I’m looking at ways to try lowering my EGTs at WOT (other than fueling and ign timing), and am wondering if injecting into an open valve/chamber as opposed onto a closed valve might achieve this.

I’m thinking that injecting in to the chamber (and hence the fuel evaporation occurring within the chamber) should help cool things down a bit.

For the sake of a stable idle I’m using an injection end angle of 240deg (closed valve), it’s also around this across the revs/load range.

My ECU allows me use either start or end angle for injection, and calibrate the angle as a function of revs and load on a 3d table.
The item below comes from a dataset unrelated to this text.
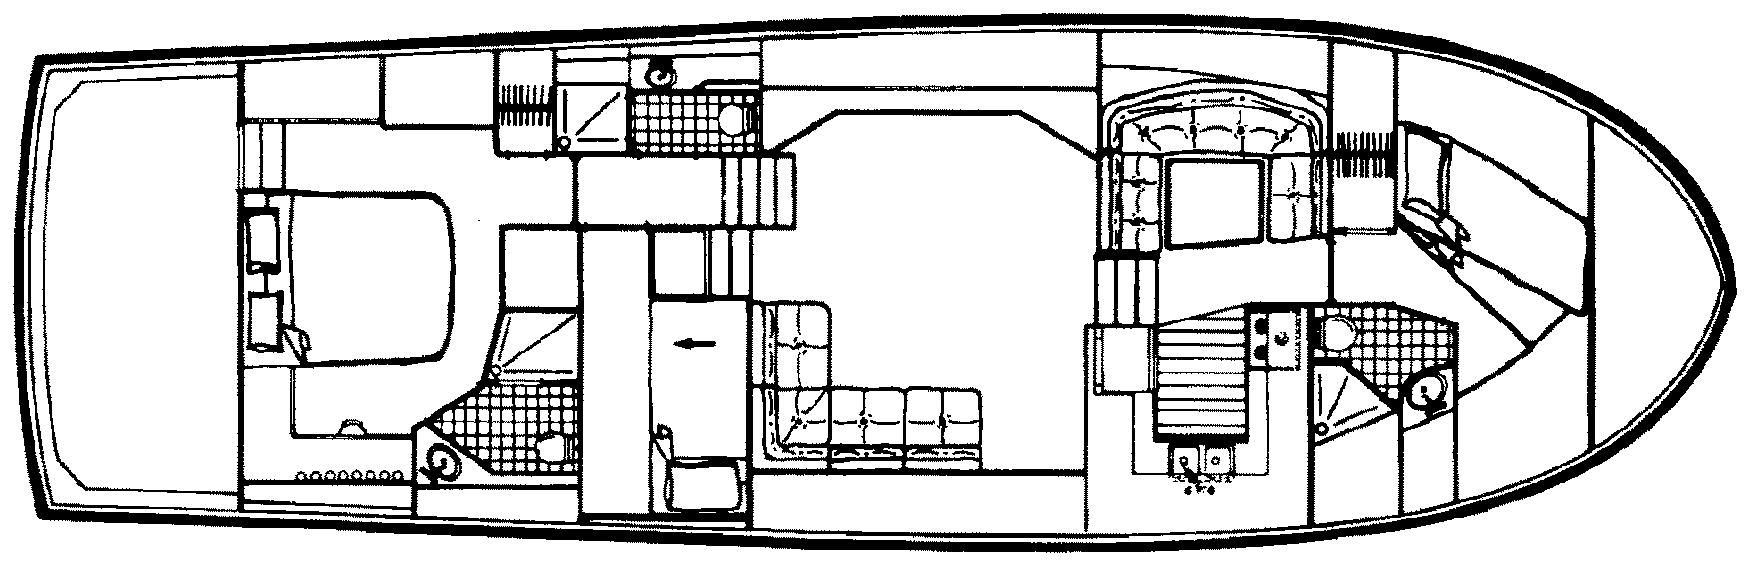 55 Cockpit Motor Yacht Floor Plan 2

I’m considering swapping to a start angle strategy and starting my injection in high load/rev areas (where EGTs are high) at an angle just after the cam overlap phase, so around 385deg when the exhaust cam closes fully.

Clearly I could just go and try it, but am asking in case I’m way off the mark, or there are other things I need to consider?

Thanks,

Jezz

I don't think you will find much difference in EGTs with injection timing, and I think you should try it and report what you find.

Why are you not willing to change fueling and timing to achieve your goal?

He may have reached the limits he's happy with that way?

Not sure how much difference it will make, if any - might even hurt it rather than improve it?

About the only thing I can think being useful is if the injection timing is such that there is no fuel being pulled through to the exhaust on overlap and possibly being combusted there, but that's a long shot if it is actually an issue?

Hi David,

Thanks for the reply, I'll give it a go if/when it stops raining...

I'm probably close to the limit with respect to both fuel and ign; going from 11.3:1 to around 10.7:1 makes little difference to the EGTs (if anything it made them worse, is that conceivable?) and I don't really fancy adding any more timing; so was looking to investigate if there were any other avenues to explore.

FWIW I've just ordered a new EGT sensor and gauge to validate the one I'm running to make sure I'm not chasing a dodgy sensor, though I've no reason to believe there's an issue with the existing one.

Cheers,

Jezz.

Gord said

>>>About the only thing I can think being useful is if the injection timing is such that there is no fuel being pulled through to the exhaust on overlap and possibly being combusted there, but that's a long shot if it is actually an issue?

TBH I had an issue roughly relating to this, I noticed a reasonable (embarrassing?) amount of black smoke as I was coming on boost which I fixed by moving the end angle back, I think what was happening was fuel was being injected and blown through during overlap whilst EMAP ratio was low enough to allow it. Moving the timing back to fixed that issue.

You're right it may make it worse if atomisation/evaporation is poor.